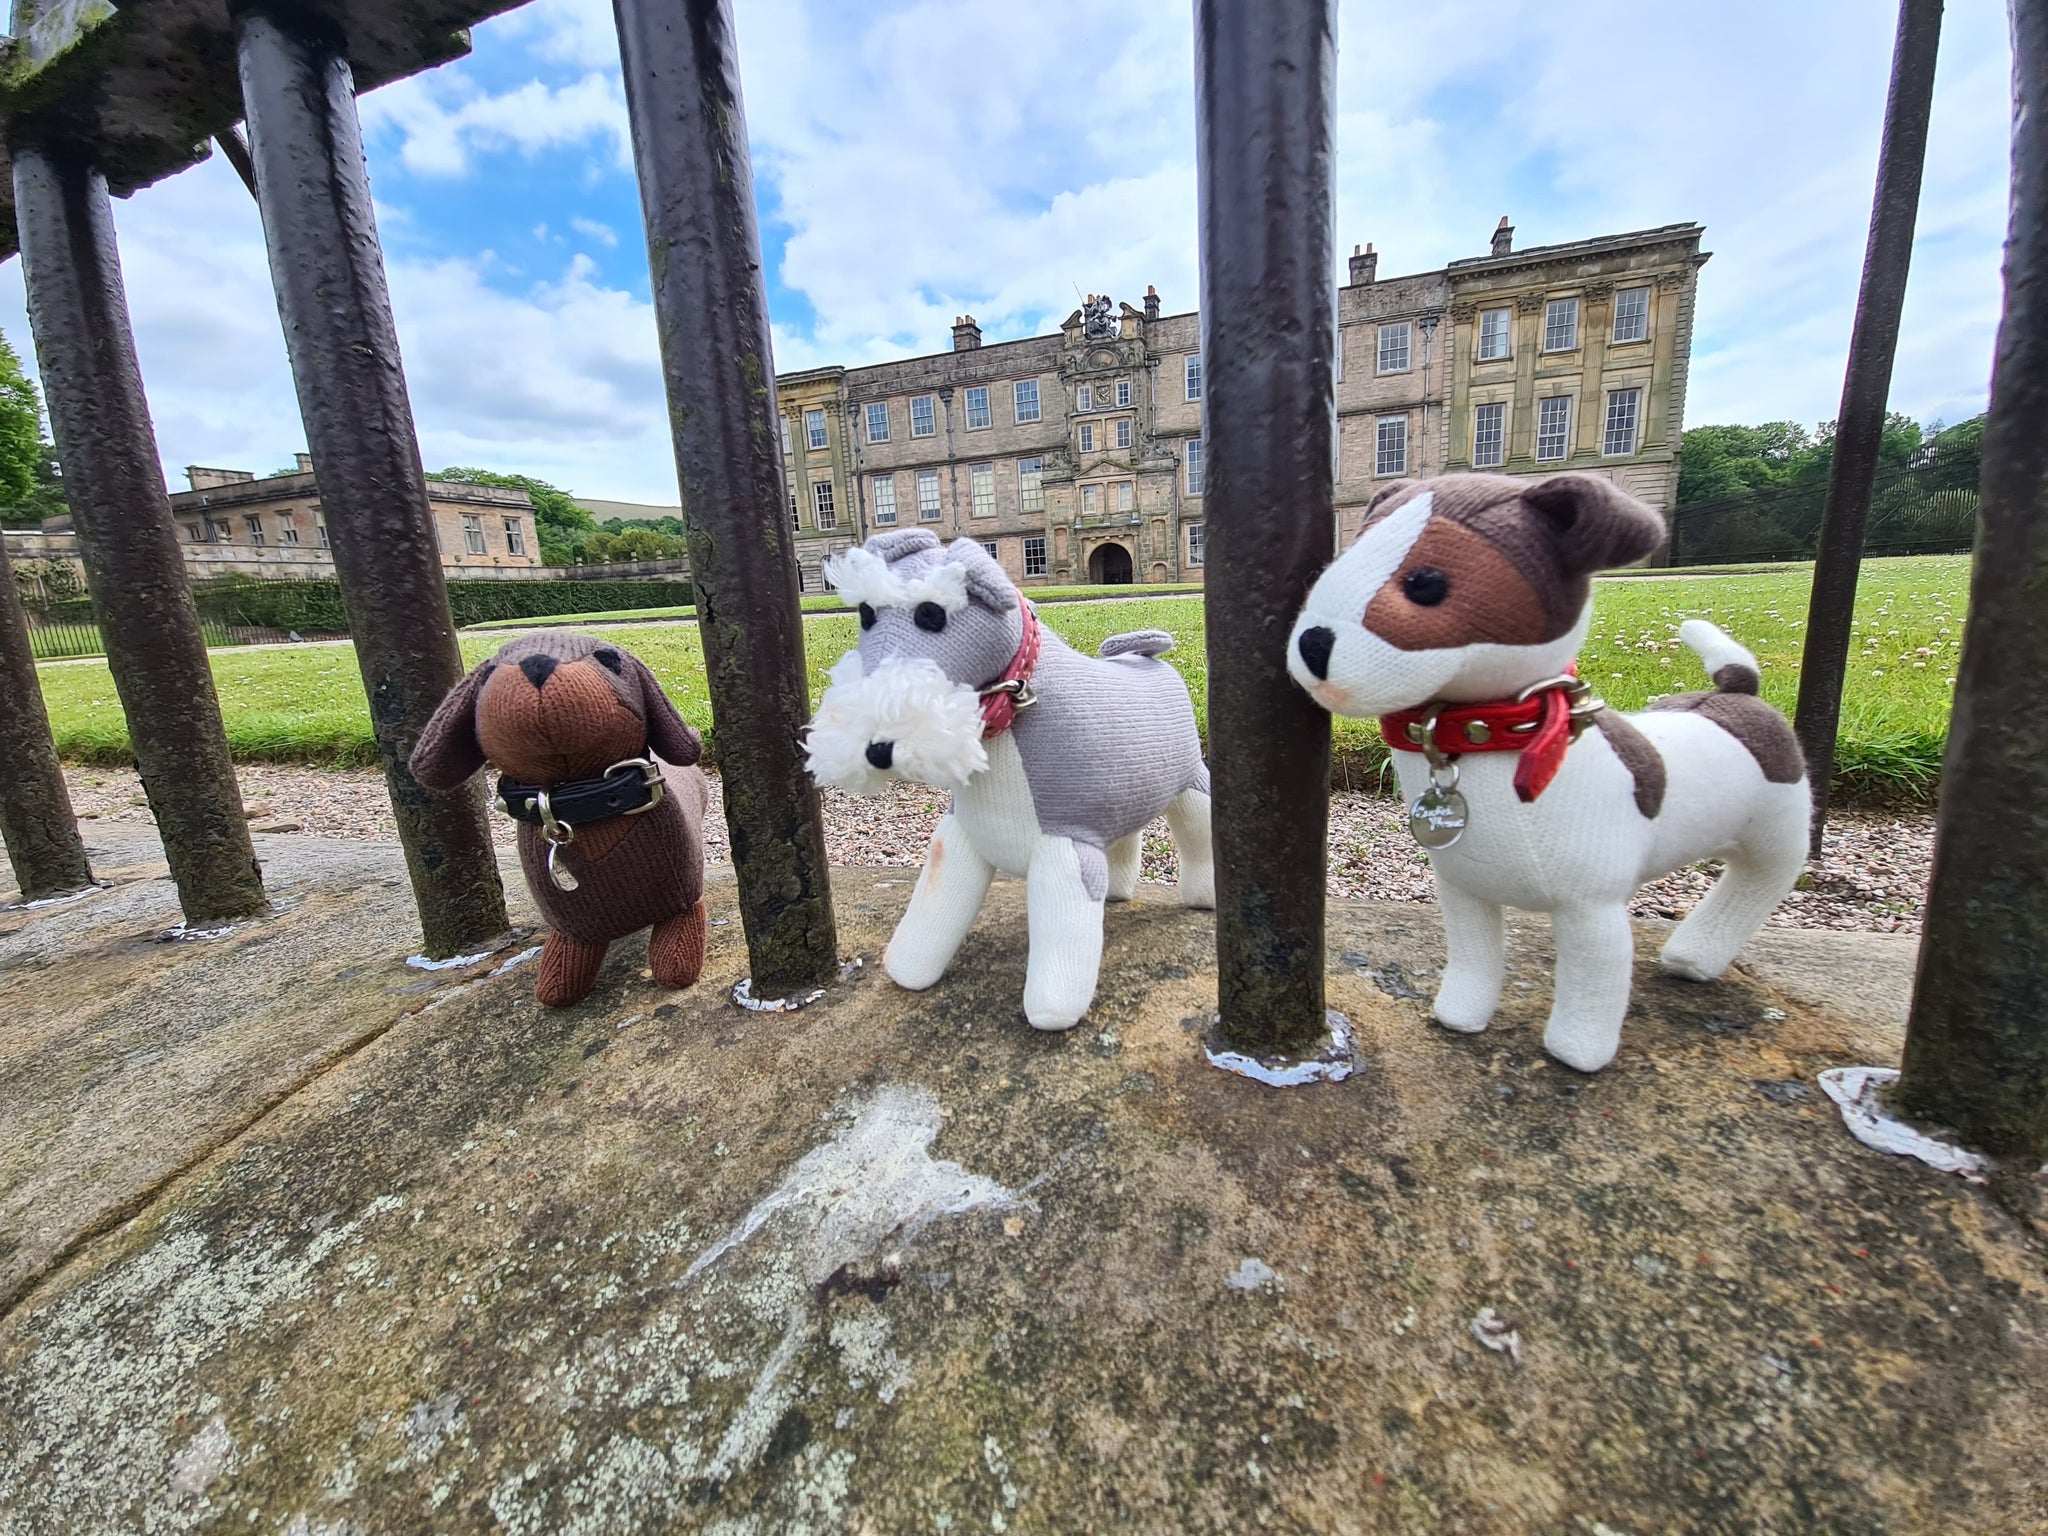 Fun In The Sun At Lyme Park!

##############################

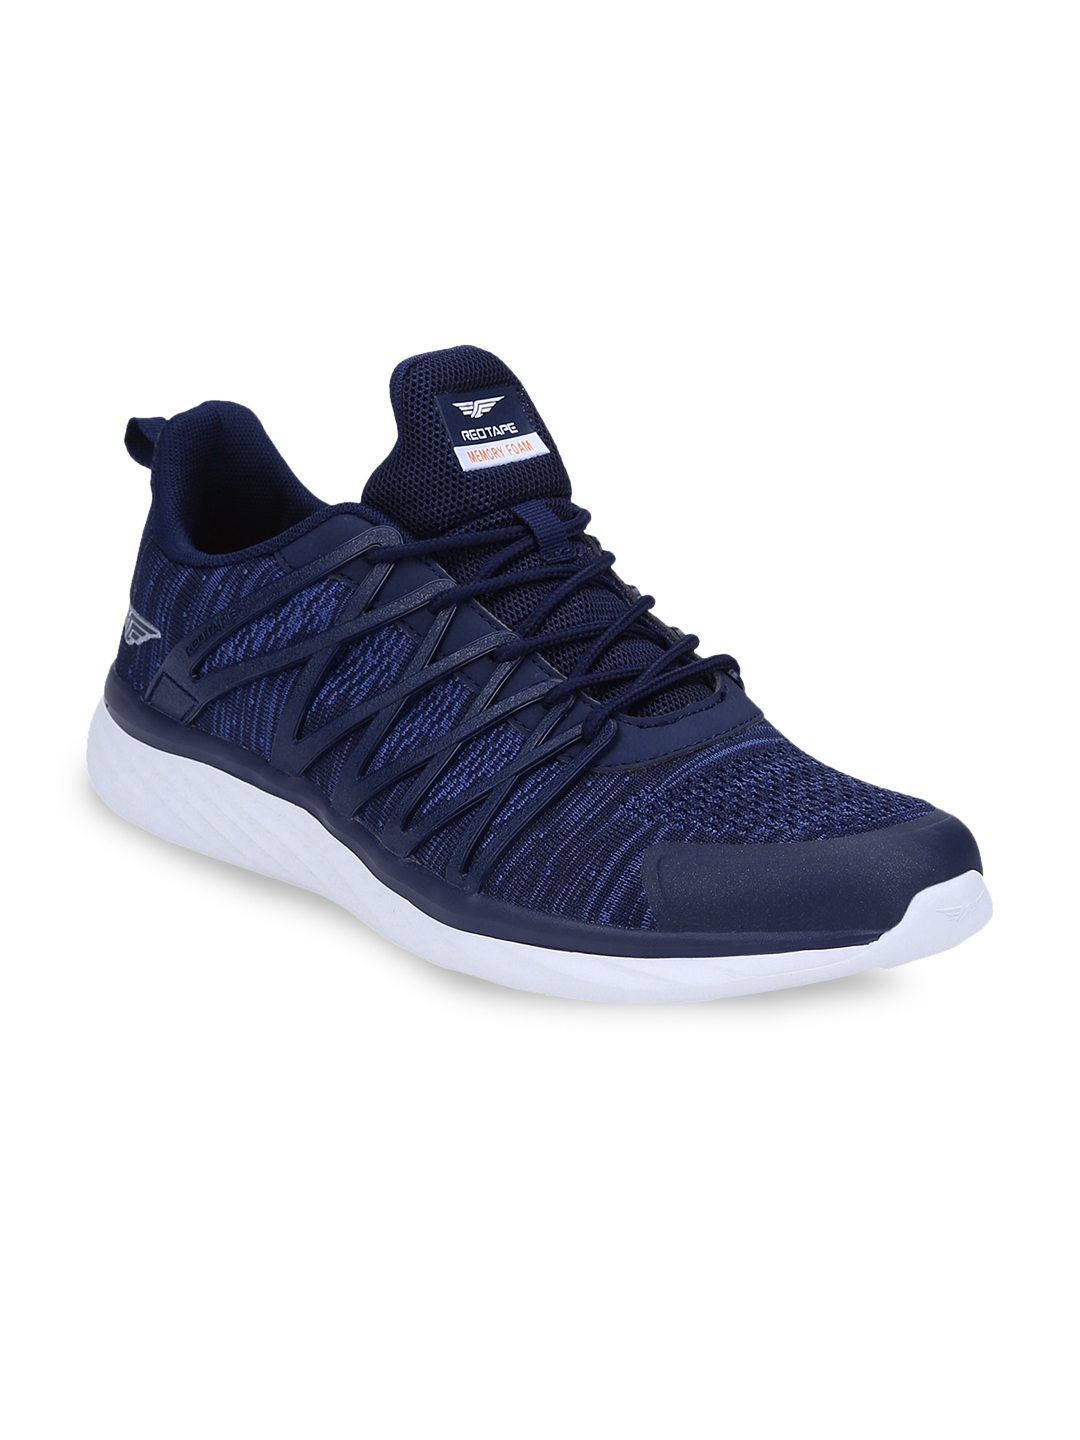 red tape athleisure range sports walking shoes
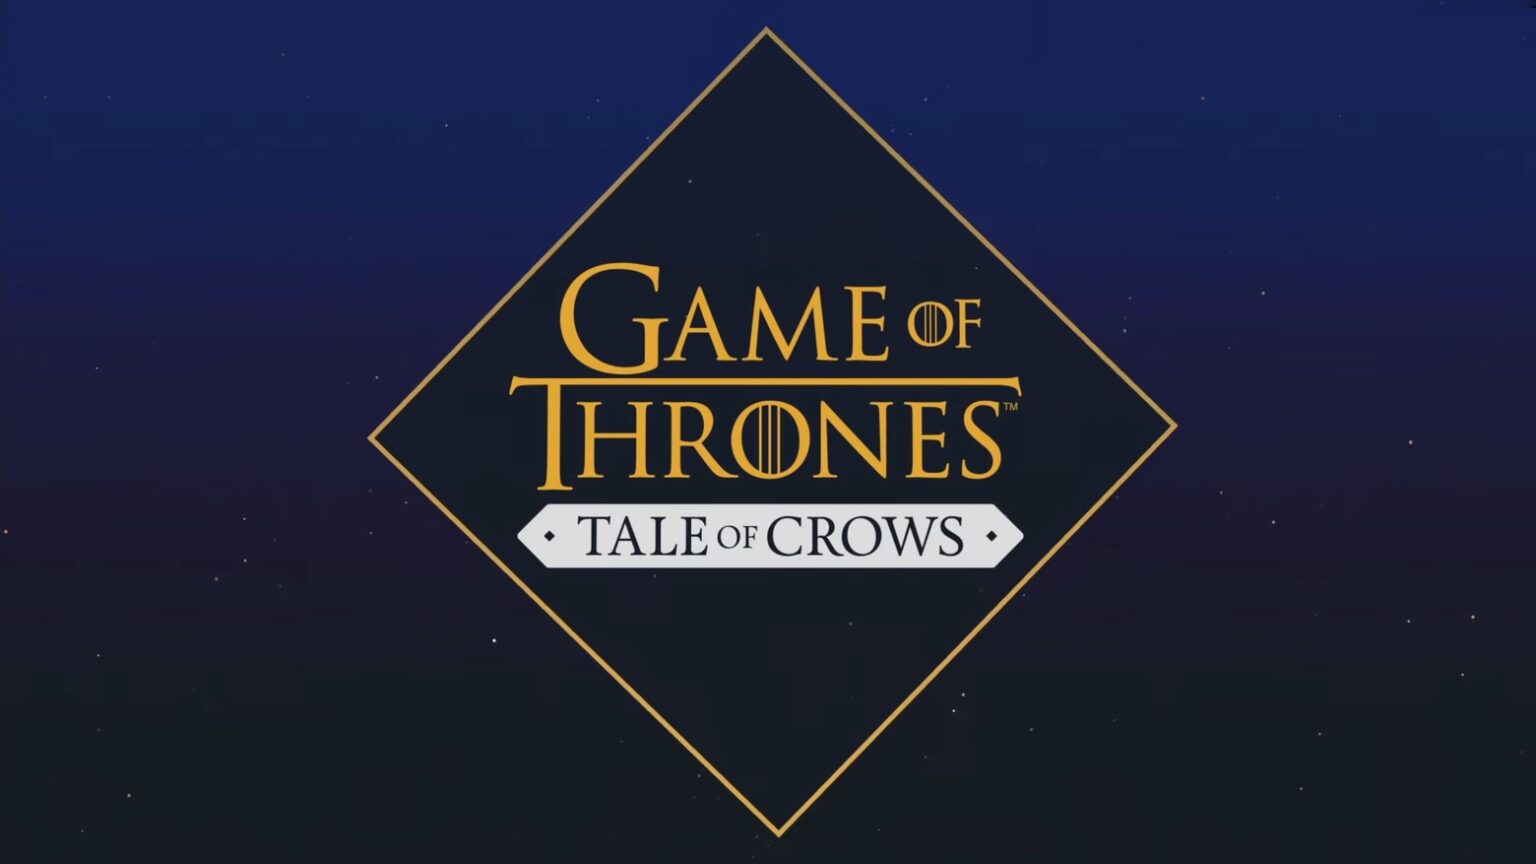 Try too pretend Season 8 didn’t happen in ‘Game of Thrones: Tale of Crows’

##############################

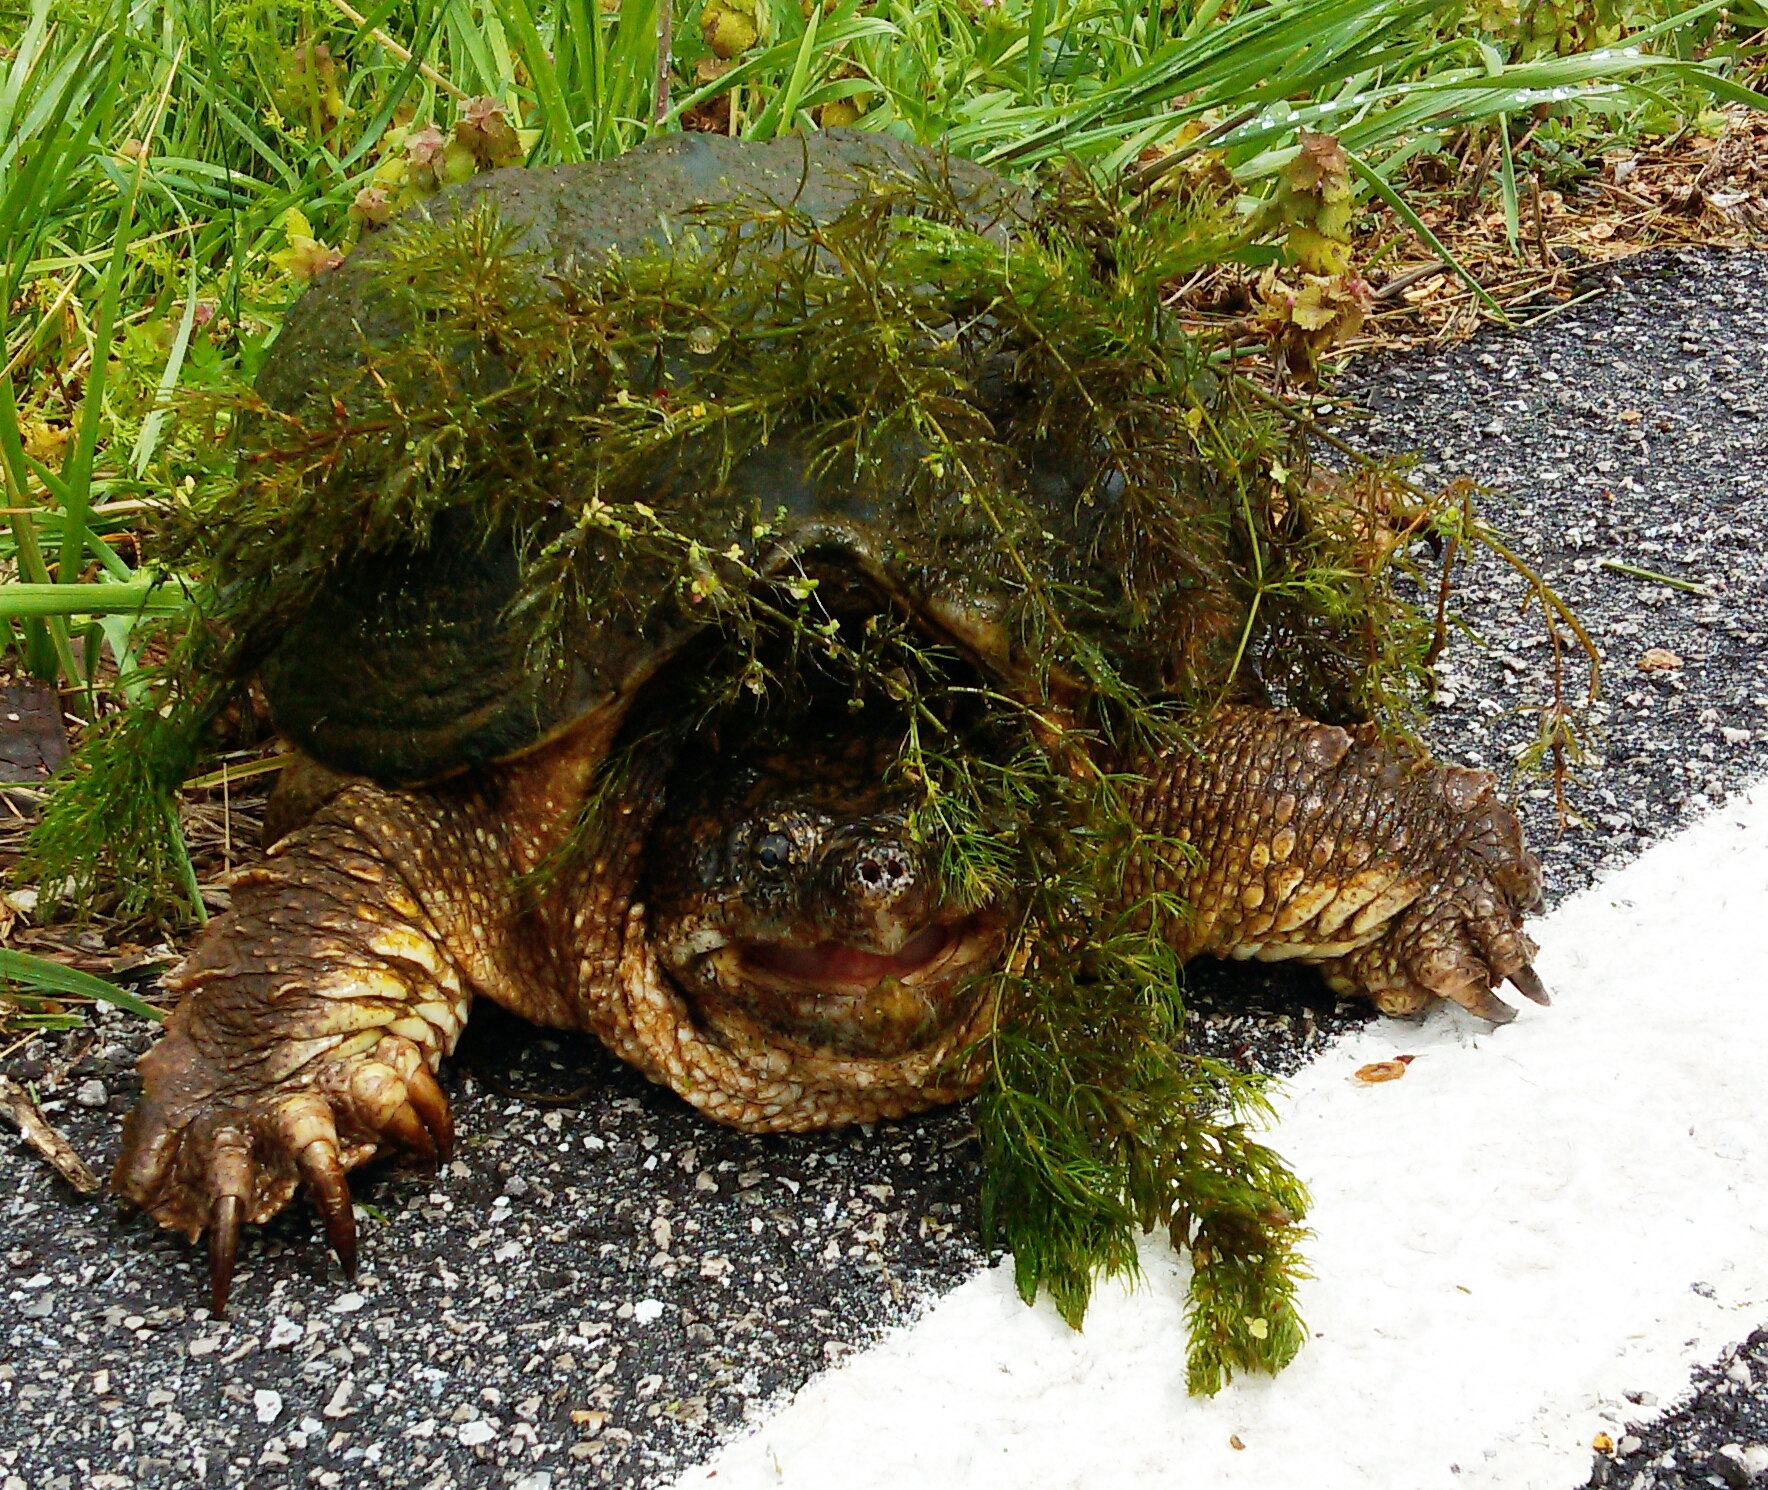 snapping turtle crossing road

##############################

> TASK GOAL:
Copy exactly the material above from the line with "red tape athleisure" to the line with "Try too pretend", ends included, and nothing else. Leave out any picture.

> EXERCISE OUTPUT:
 red tape athleisure range sports walking shoes
 Try too pretend Season 8 didn’t happen in ‘Game of Thrones: Tale of Crows’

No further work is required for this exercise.